Шрифт:
Интервал:
Закладка:
Казалось, объятиям, слезам, смеху и радостным восклицаниям всех троих не будет конца.
Все в зале притихли, наблюдая эту сцену.
Наконец Аристотелю удалось вырваться из цепких объятий брата. Он обернулся к молча стоявшей у порога Ширин.
– Агния, Агамемнон, познакомьтесь, это моя жена, Тамара. – Аристотель намеренно сказал это по-русски.
– Которая по счету, брат? – по-гречески спросил Агамемнон.
– Первая и последняя, брат! – по-русски ответил «Константинов».
Поцеловав протянутую руку Ширин, Агамемнон стал по стойке «смирно» и с пафосом произнес:
– Такая красивая женщина мой ресторан еще не посещала. Если не возражаете, мы сделаем фото, и ваш портрет будет висеть… рядом с Жаком Шираком, он ведь теперь президент Франции. Соглашайтесь!
«Слава богу, что сказал это Ага по-гречески, – мелькнула мысль у Аристотеля. – В противном случае Ширин была бы в шоке от такого предложения: можно себе представить, какие ассоциации у нее вызывают ее портреты, выставленные в публичных местах. Ведь всегда найдется хоть один посетитель, который помнит ее фото в порнографических журналах. Вот был бы конфуз!»

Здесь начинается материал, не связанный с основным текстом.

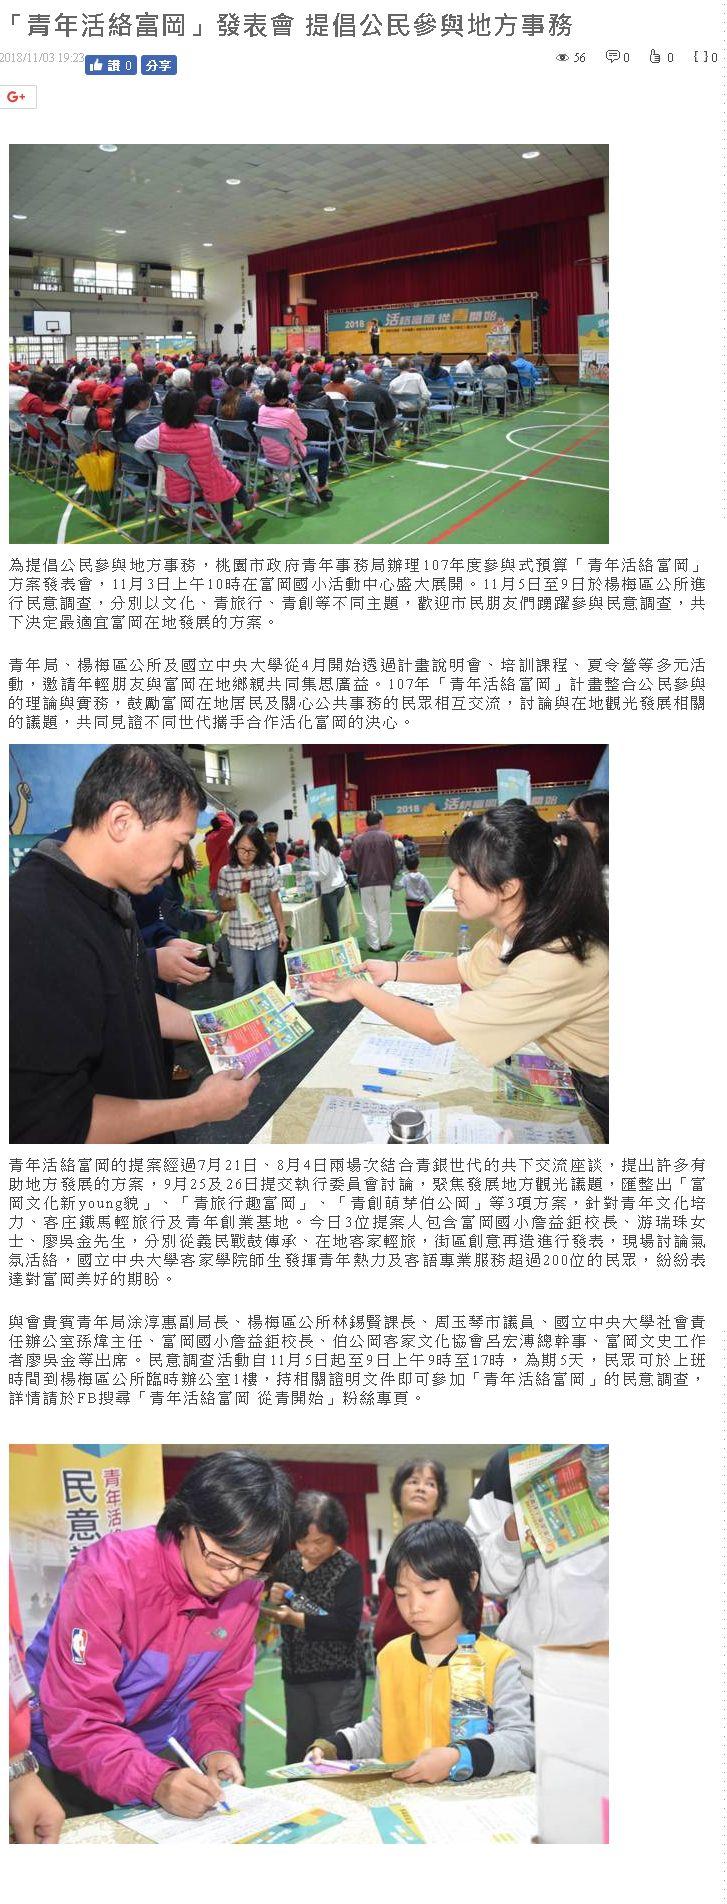 青年活絡富岡發表會 提倡公民參與地方事務

– Ага! – отчеканил Аристотель по-русски. – Во-первых, Тамара не знает греческого, а во-вторых, мы здесь в служебной командировке. Ты понял, что я имею в виду? Так что извини, но твое предложение отклоняется!
– А-а, ну да, конечно! Ты всегда хотел стать разведчиком… Значит, ты им стал, и здесь, конечно, инкогнито. Разумеется, тогда ни о какой фотосъемке не может быть и речи. Все! Пошли к столу, а то что-то в горле пересохло! Агния, принеси нам для начала «Ретсину». И «пикилу» не забудь!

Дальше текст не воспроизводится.